Тут уже Афанасьев захохотал.
– На самом деле у одной чайки обнаружили кольцо на лапке – Рим там написано, – пояснил Артём, насмеявшись. – Они из Рима.
– Да что ты говоришь? – озадачился Афанасьев и привычно взял себя за рыжий чуб. – Вот те раз…
Почему-то это его удивило; зато и дало новое направление сумасбродной мысли.
– Давай пойдём дальше, – предложил Афанасьев. – Вот Римская империя распадалась, разваливалась на куски и ошмётки, а эти же чайки летели на Соловки – где ещё не было вообще ничего! Ещё не родились русские люди, и Христос к ним не приходил, потому что ни лешему, ни кроту Христос не нужен.
– Ага, – согласился Артём. – И это мы для них – непонятно что за приблуда такая! Было ведь беззвучно, прозрачно, мирно. Зима в Риме с их парадами и гладиаторами, а лето – на соловецкой даче, в тиши – чем не жизнь. Но потом появились два монаха. Потом ещё сто. Натаскали камней, начали стучать, стругать, с утра до вечера служить свой молебен, стен понастроили, крестов понаставили. Дальше – больше: к монахам прикатил целый балаган с винтовками и балалайками, и вообще затеялось невесть что… И кто, спрашивается, кому помешал?
– А может, – вдохновился, словно прикурил от слов Артёма, Афанасьев, – чайки эти пообтёрлись и теперь говорят друг другу: о, смотри, белохвостая – всё как в Древнем Риме опять: те же рожи, та же мерзость, то же скотство и рабство…
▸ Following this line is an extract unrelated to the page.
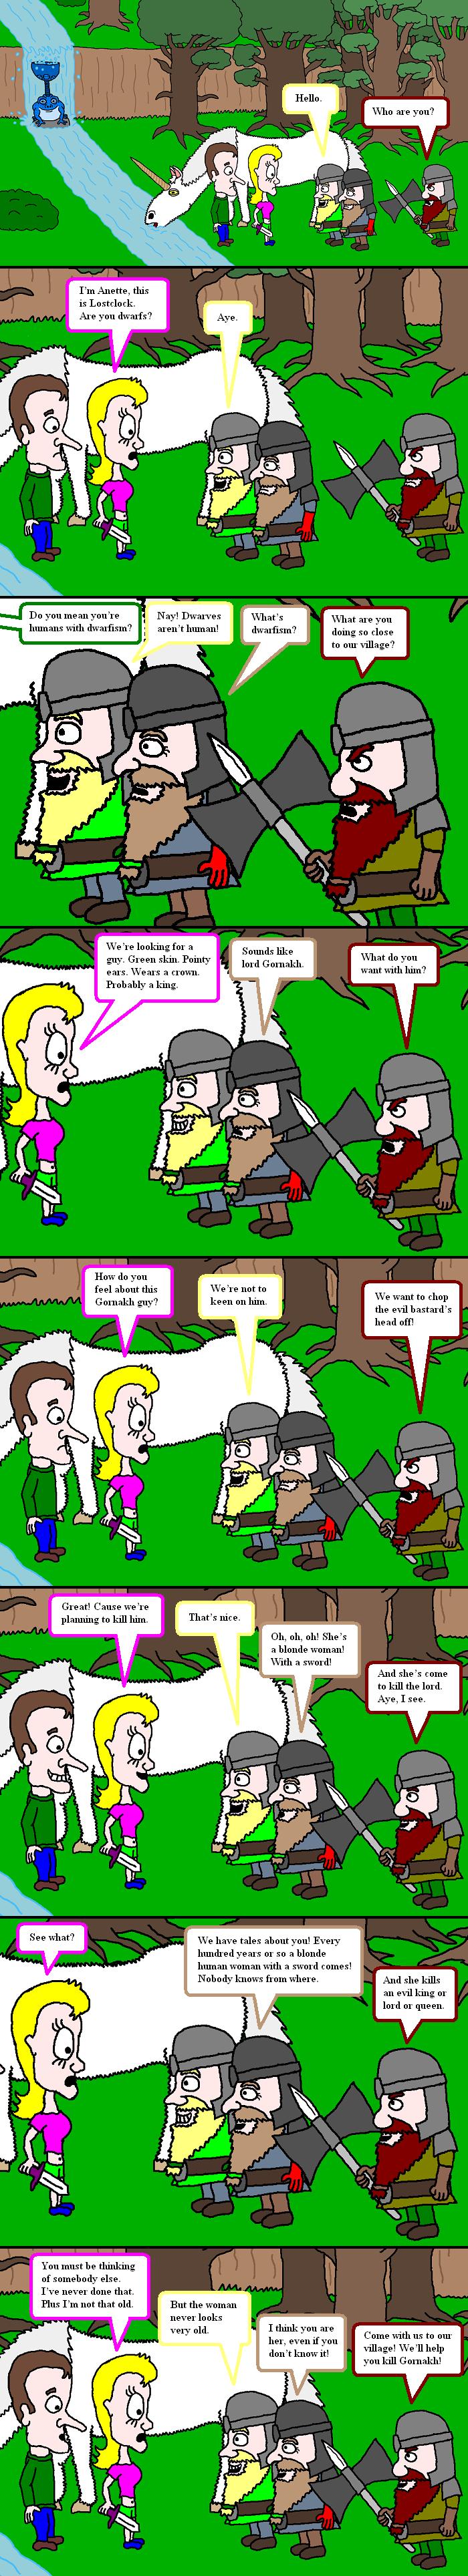 Dwarves and dwarfism

Артём глубоко вдохнул через нос и хорошо задавшуюся тему решил пока поприкрыть.
Сильно пахло лисами и неопрятной лисьей жизнью на Лисьем острове.
Остров этот был в двух верстах от главного соловецкого, и располагался на нём лисий питомник.
Управлял им бывший, по двенадцатой роте, взводный Артёма – Крапин.
Они вполне сошлись характерами и жили мирно.
Артём обитал тут уже пятую неделю. Помимо ухода за лисами, делал дурацкую стенгазету, проводил политинформации, числился дворником и поломоем – работы хватало, но жаловаться было не на что.
Афанасьев же появился часа полтора назад – его прислали на место лагерника, которого черно-серебристая лиса Глаша укусила за руку. Рука загноилась, пришлось отправлять напарника в больничку – но уж точно Артём не ожидал увидеть здесь питерского поэта: с чего бы вдруг?
Самого Артёма переправила сюда Галя сразу после случая с Мезерницким, на другой же день.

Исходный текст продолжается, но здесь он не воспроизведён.